Recently we wrote about helping kids value sharing. If your child needs some practice sharing, and you want some practical ideas, consider following in the footsteps of this thoughtful dad:
My 6-year-old son, Brayden, was really having trouble sharing and playing with other kids, including his sister. So I bought a few really special toys, put them up on the shelf, and told Brayden that these were Sharing Toys. He could get them down when he was ready to play with them with his sister. At first when he would get them down I played too, to make sure Brayden and Jenna got off to a good start. Then, when Brayden would bring back the toys to be put away, I asked him how it felt to share, and I affirmed his sharing with his sister. Over time, Brayden has really learned to sense when he is in a state of being ready to share, and he will say, “Okay, I’m ready to get that toy down now.” He has become much more flexible and happy about sharing in general.
What a great way to encourage joyful sharing!
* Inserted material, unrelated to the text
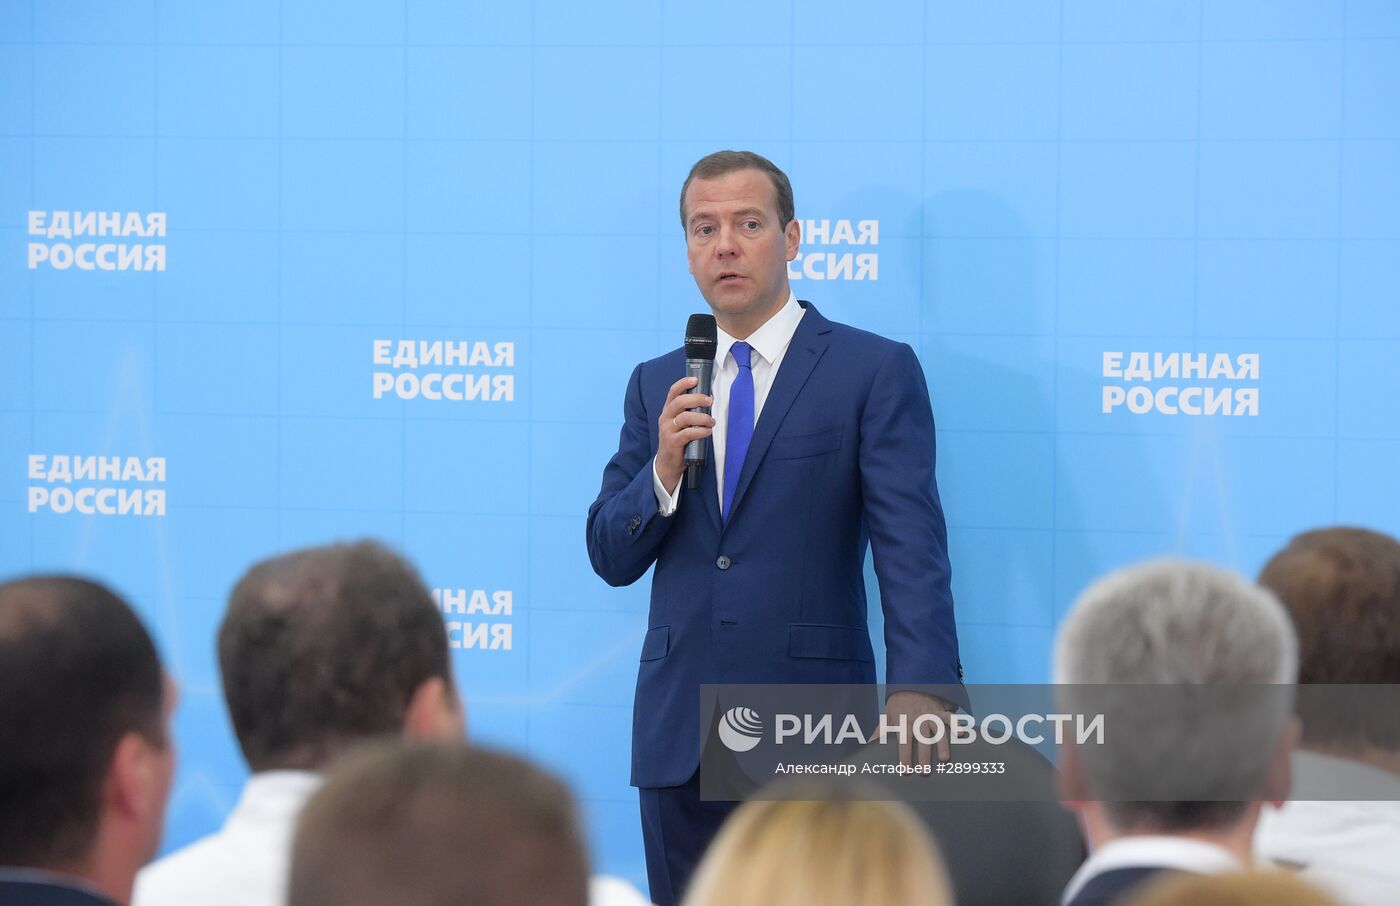 Премьер-министр РФ Д. Медведев встретился с активом партии "Единая Россия" в Москве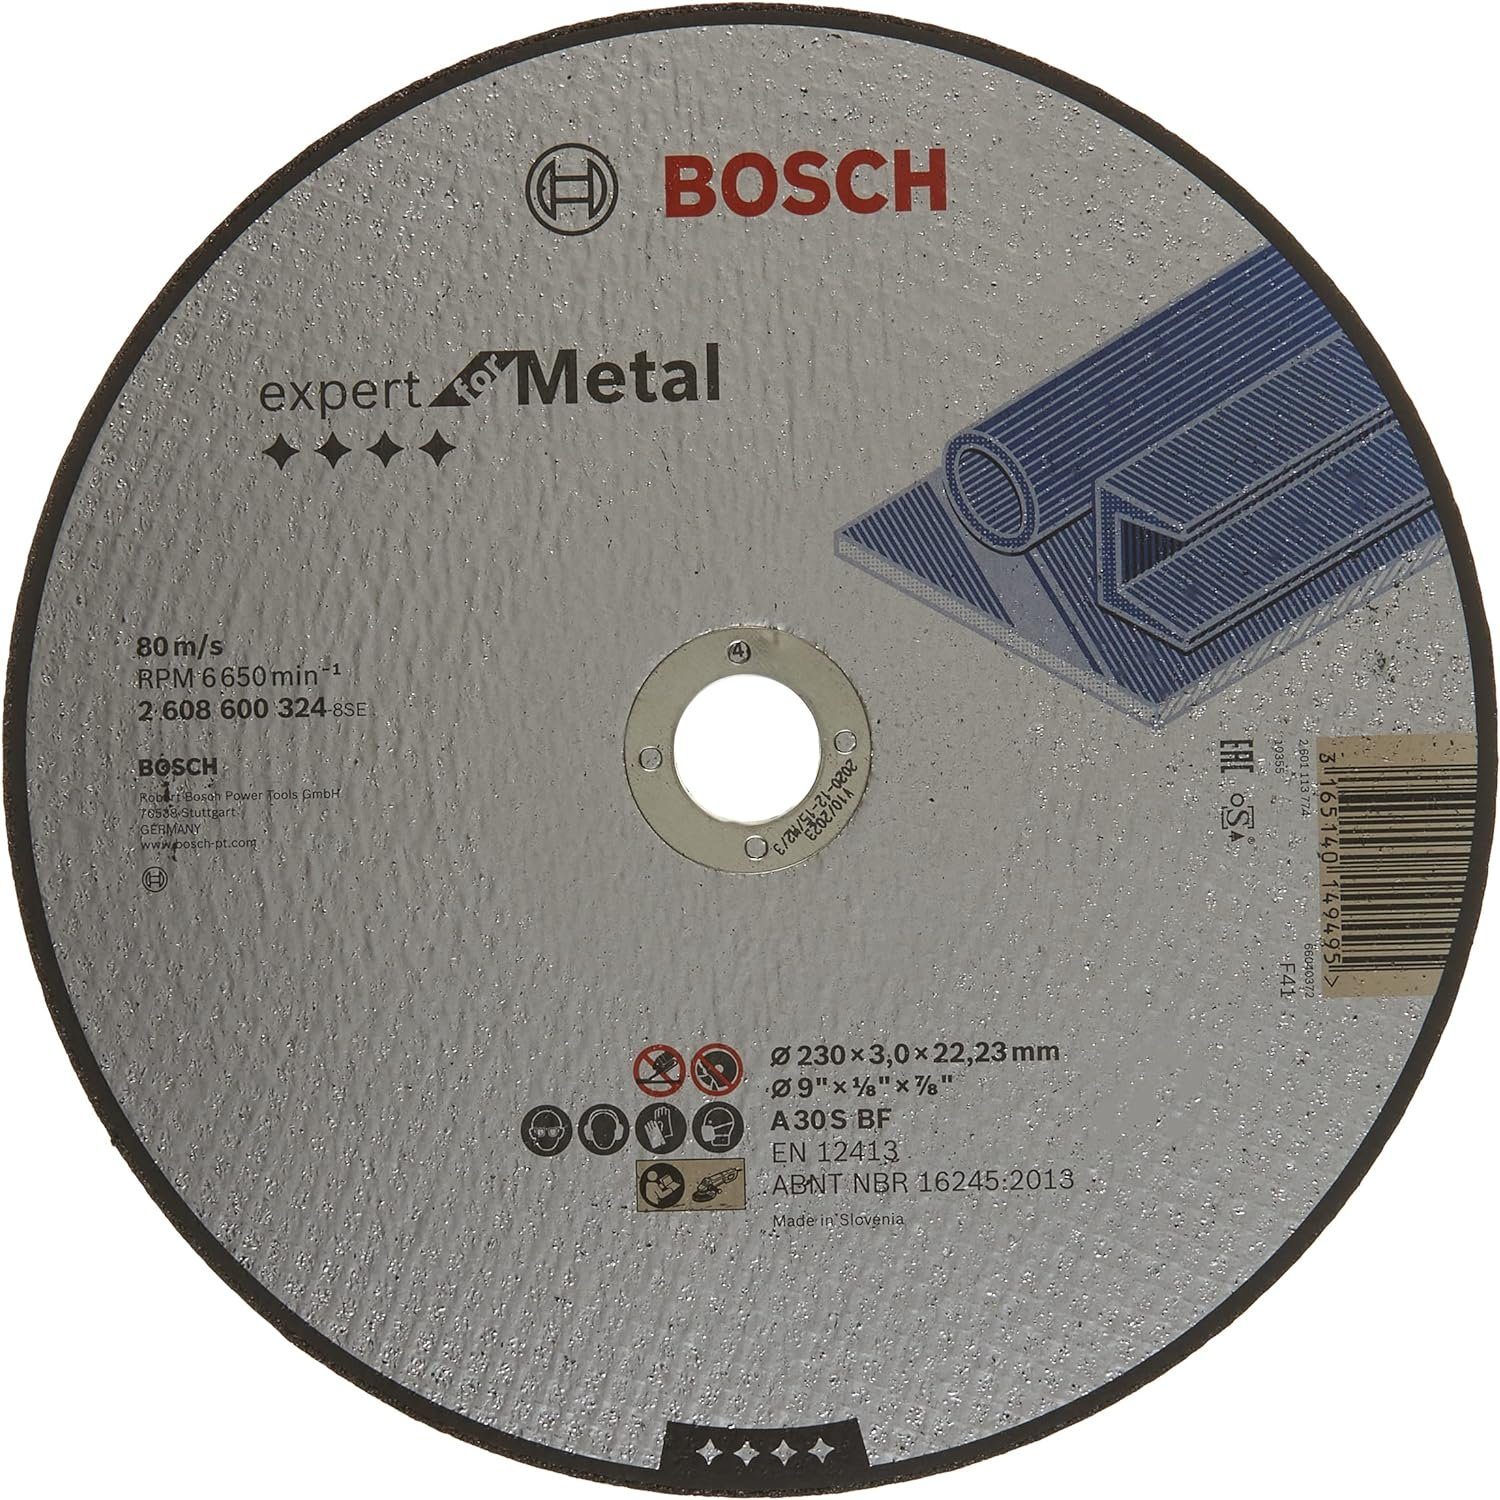 BOSCH Bohrfutter Bosch Professional Schleifzubehör Trennscheibe Ø 230 x 3 mm für.Metall

This dad modeled it and then left his children when they were truly enjoying sharing.
When we set our kids up for success and allow them some control over what and when they are ready to share, they are more open to learning the fruits of sharing: the feeling of happiness, service, and community that comes from a generous spirit. Here’s another variation on this approach: Give your child a “my toys only” bin that they don’t have to share — but of course, they also can’t possibly fit all their toys in the bin. Each time they want to add a toy to the “no-share” bin, you can gently ask them, “Okay, what would you like to take out of the bin to share?” This allows kids the autonomy of choosing some toys to be special, which helps kids learn that some privacy and boundary-setting is okay and even healthy. But it also teaches them the process of deciding when and how they want to be generous.